# code 33 carrier 58mca furnace



## harleyrider (Feb 20, 2007)

Kevin those roll out switches are there to protect you from a very dangerous condition call FLAME ROLL OUT. If a flame roll out switch trips it because it has seen tempature in excess of 300 degrees. do not re set the switch.......call a professional Carrier dealer at once.


----------



## yuri (Nov 29, 2008)

I agree. The heat exchanger may be cracked or the secondary heat exchanger leaking ( they had problems with them ) or the burner is overfired and you now have a dangerous condition.


----------



## ben's plumbing (Oct 6, 2011)

they sure did we run service for home warranty company had 3-4 with bad heat exchangers....please don't keep reseting as harley and yuri said call for service Ben


----------



## yuri (Nov 29, 2008)

I had one with one cracked cell on the exchanger at the top and it was forcing the flame out the front into the burner box and warped it badly and ruined the gasket etc. Got damaged by a shortage of comb air/oxygen and burning too hot at that spot due to a partly plugged intake pipe.
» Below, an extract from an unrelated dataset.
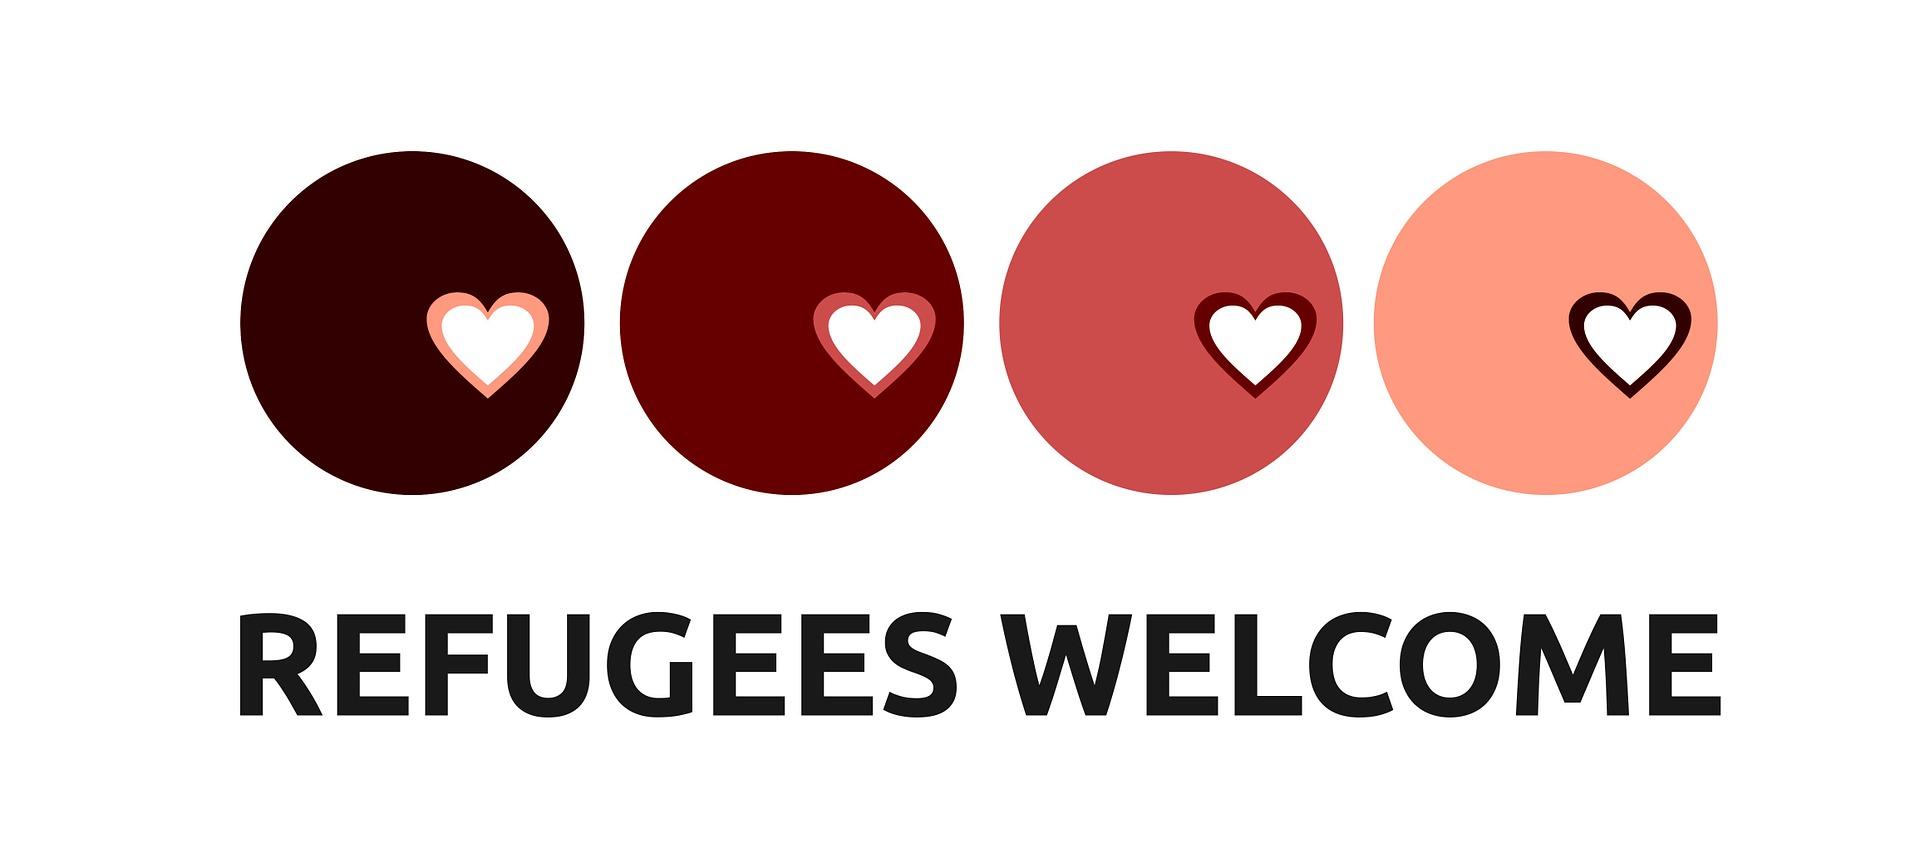 refugees-1186359_1920

Press switch somehow did not shut it down or it was the "perfect storm" scenario.


----------



## kevin hunger (Nov 30, 2011)

ok thank u


----------



## kevin hunger (Nov 30, 2011)

*error 33*

thanks u guys u were right said heat exchangers bad wants 600 for new ones or 1800 for new furnace comparable to the one i have 90-92% was wondering being 14 years old what to do replace exchangers or new furnace?


----------



## Doc Holliday (Mar 12, 2011)

kevin hunger said:


> thanks u guys u were right said heat exchangers bad wants 600 for new ones or 1800 for new furnace comparable to the one i have 90-92% was wondering being 14 years old what to do replace exchangers or new furnace?


Good one! 

The new motors in the new furnaces will cut your electrtic bill by a third if not more alone and all the parts, not just the exchanger, in said new furnace will be under warranty and sitting here it appears the guy is giving away high efficiency furnaces for free.


----------



## Marty S. (Oct 31, 2009)

Let your wallet make the choice. If paying for a new one is no problem then go for it. If you need to take a loan out then fix the 14 year old one.


----------



## harleyrider (Feb 20, 2007)

Kevin hunger said:


> thanks u guys u were right said heat exchangers bad wants 600 for new ones or 1800 for new furnace comparable to the one i have 90-92% was wondering being 14 years old what to do replace exchangers or new furnace?


Kevin,first off, thank you for heeding our advise....alot of people come here and ask for our professional opinion and /or advise and then doubt us and that makes me :furious: ! Your condition that you had/have has killed many a families ! If you do not have a high quality carbon monoxide detector in your house, get one!

$600 to swap out a heat exchanger is a great price, honestly I would not do it for that price, I charge $950 + any related material.Remember you are not paying for the heat exchanger, only the labor to remove the old and install the new one.You may have another good 6 to 10 years on that furnace, arguments can be made both ways....personaly I would fix it.Technology is constantly changing and in 6 to 10 years the furnace you may get will be far superior to anything that you may by today.

In closing i am glad that you are still with us to have this conversation :thumbsup:
Good luck in your choice !


----------



## dno36 (Apr 23, 2010)

*Carrier furnace code 33*

Just a bit of an add here.
Had a code 33.
I found my high limit reset had tripped.
Shut down the furnace switch and went outside.
Checked the pipes exhaust and intake.
Mine seemed fine, however upon closer inspection, I found a snow block just inside of the turndown on the intake.
Cleaned the snowblock with a flexible plastic serving spoon and a new flexible toilet brush, shop vac'd the pipe, reset the switch & working properly again.

Check the simple stuff, then call a pro.


----------